Finding the right voice for Simon wasn't easy either. Most good neural voices are trained on adult speech, so they just don't work for a child character. I did eventually find a boy's voice, but it wasn't exceptionally clear.

That was before I added the karaoke-style subtitles that now take up half the screen - and even I, despite being very familiar with the text, was missing some of the words Simon was saying. But once I added the text, with each word highlighted as he speaks, I had no trouble understanding him at all. It's probably a psychological trick, but it sort of confirms that combining text with sound really makes a difference.

Then I thought - maybe it's not really about the model. The model is probably trained to follow natural speech patterns - and the way a boy speaks just isn't the same as a CNN news anchor. So if we're trying to learn how to deal with real-life situations, a more natural-sounding voice might even be seen as an advantage in some people's eyes.

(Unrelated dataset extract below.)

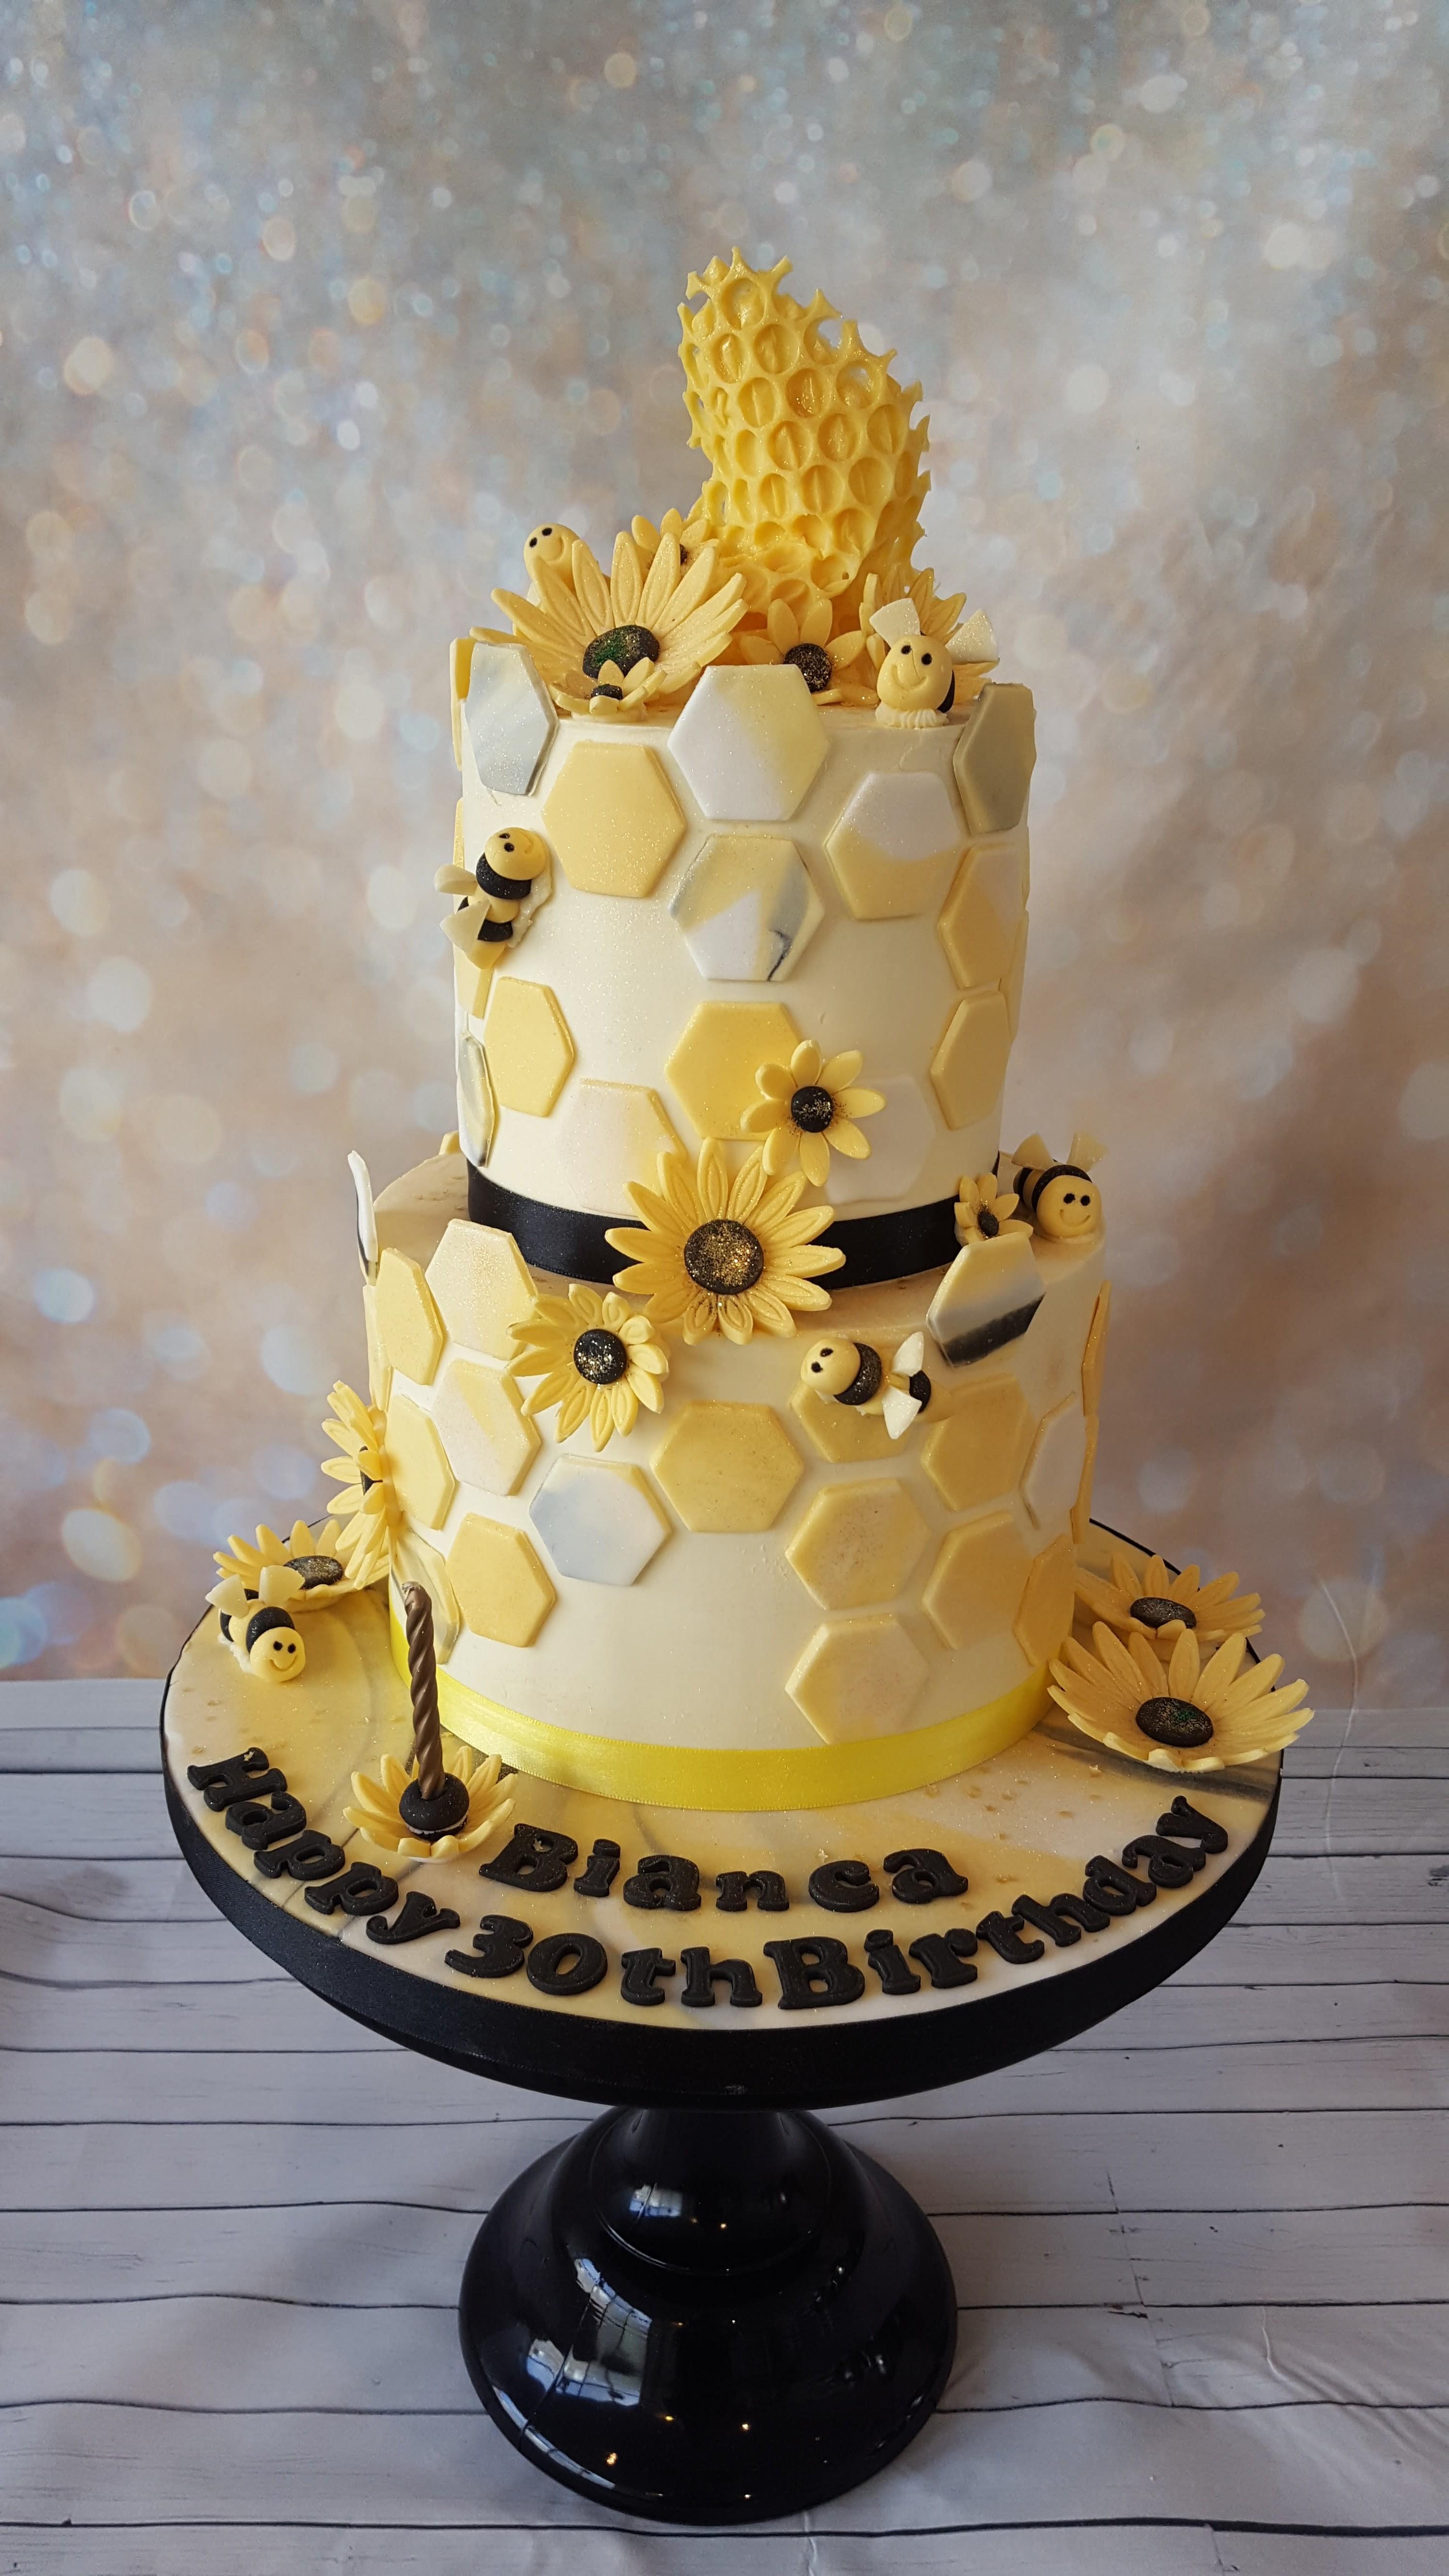 Admirable Birthday Cake Bristol City Of Bristol Quirky Cakes Bristol Funny Birthday Cards Online Inifofree Goldxyz

Besides that, Simon is meant to be a fellow student - he's not supposed to sound intimidatingly good. The idea is that you're both roughly on the same level. And nobody expects you to speak like a CNN news anchor at this point.

This is Simon!

As you can see from the casting process picture, after seeing Simon for the first time, I looked at a dozen or so other options. So yes, I had my doubts. But in the end, I think I just got over them. So, let me introduce you - this is Simon, your fellow student. Say hello to him too!

As you can see, casting Simon was no small task.